When things go wrong, it’s human instinct to jump to the nearest possible solution and execute. The goal is to rectify the problem as soon as possible, to ensure that it either never happens again, or the chances of it happening again are slim. This hasty response, however, more often than not leads to suboptimal solutions that merely put a band-aid on the problem and do not address the underlying root causes.
Take for example a scenario that I once encountered myself - the resolution of content issues with things we publish on docs.microsoft.com. I’ve noticed that one particular repository had a lot of issues that kept being merged into the
live branch, therefore making broken content available to external customers. Nobody wants to deal with issues in production, especially issues that can be prevented, so my first hunch was to put in place the two-key rule. If the content needs to be live, two people need to sign-off on the quality of said content before the pull request (PR) to be merged. In theory, this should have guaranteed that people that sign off on the quality of the PR would also check the content and ensure that nothing is wrong. That did not work. All it did was create overhead in people now emailing other people to approve the PR daily. Instead of having one problem, I created another one that someone else now needed to deal with.
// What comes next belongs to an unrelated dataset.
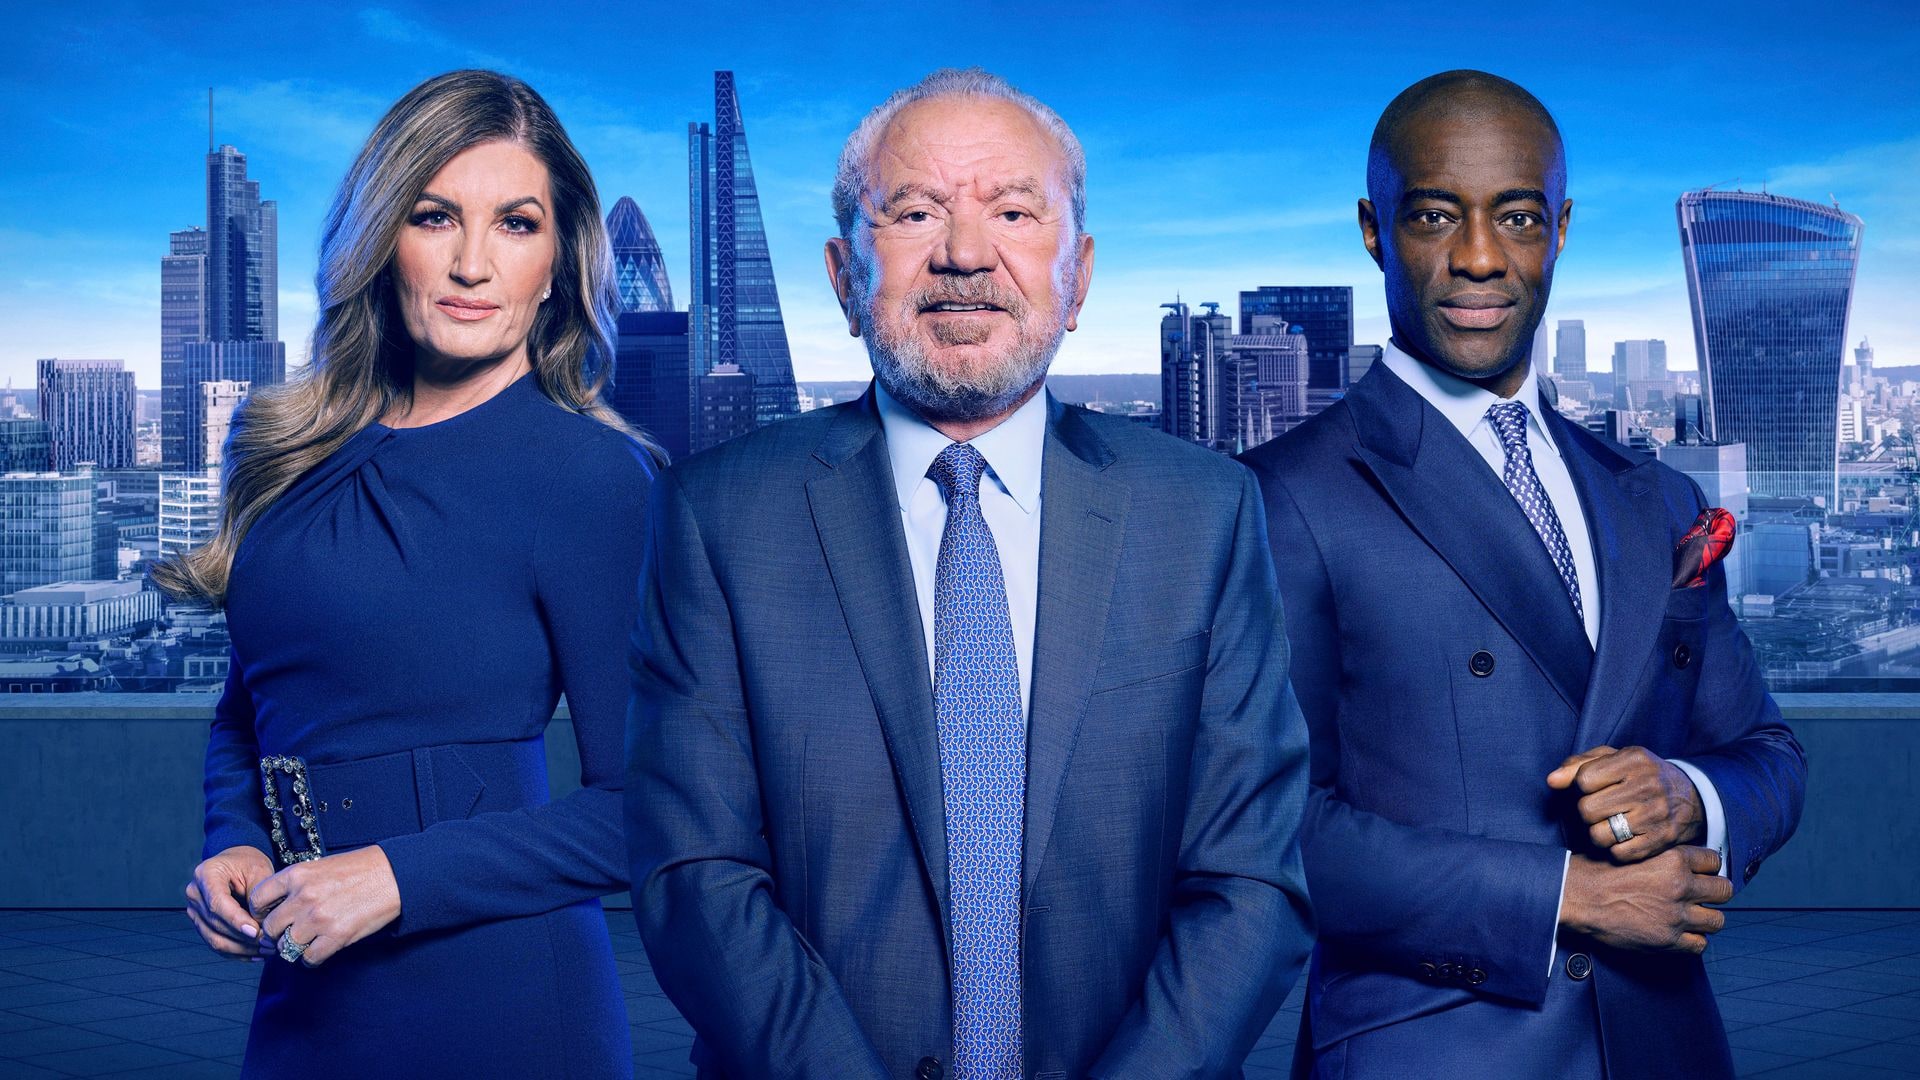 The Apprentice with Karren Brady, Lord Alan Sugar, and Tim Campbell

So, what could I have done differently? For starters, the problem here is the lack of tools that can help prevent an error. It’s not the human who’s at fault - nobody maliciously tried to merge a bad PR, there just wasn’t enough testing in place to ensure that issues are caught early. Besides, a lot of the PRs in question have thousands of lines of content changed - I am not aware of a single human being who can validate that in a reasonable time and with good outcomes.
Impulse decisions on problem mitigation might help you in the short-term but will not scale. When it comes to decision around product and its success or velocity, hard controls cannot replace training and tools in place. The goal is to empower people to focus on their main jobs with minimal risk of failure that can be reliably prevented automatically. What this means is that to properly assess a problem, you need to understand at what stage the failure occurred, and how you can help prevent it in a way that does not cause more hassle than the problem itself.
That can be done in two ways - training and tooling.
By far, the most important aspect of ensuring that failures occur less is to train your staff. Help them understand how to check when things are off and need review. Yes, the learning is often times post-factum, but it’s nonetheless very effective. When you train your staff, you have the opportunity to showcase both best practices as well as potential pitfalls that sometimes are hard to catch for someone that does not have the experience to do that. If someone on your team did not sync with the design crew before throwing their feature into the planning pool, it’s likely much better to simply have a training sessions for your PMs discussing the process, rather than instituting a process in which there is a mandatory formal pre-review with the design team.
Training is also relatively inexpensive to do - your investment is time. It’s an investment with a high return.
The question you can ask yourself is “How can I leverage various tools to enable others to do their jobs in the best way possible?” Notice that I am not putting an emphasis on any particular part of the process - the tools can span areas and responsibilities. This can be anything around automation, validation, authoring and others. Absolutely anything that the product team might be involved in can be in some shape formalized that the process is not something that slows the team down but rather increases velocity because now you have a much more robust pipeline in getting things done. This goes hand-in-hand with good training - you still need to explain how different pieces of the puzzle work together, and why those are in place, but once again - it’s relatively cheap compared to dealing with constant failures that are the result of preventable causes.
Rather than creating artificial barriers to solve a problem, reverse the frame of thinking - what barriers can you remove in the way of shipping a quality product, while simultaneously empowering your team to make decisions in a way that reduce the probability of error. This is easy to fix, compared to fixing a broken product.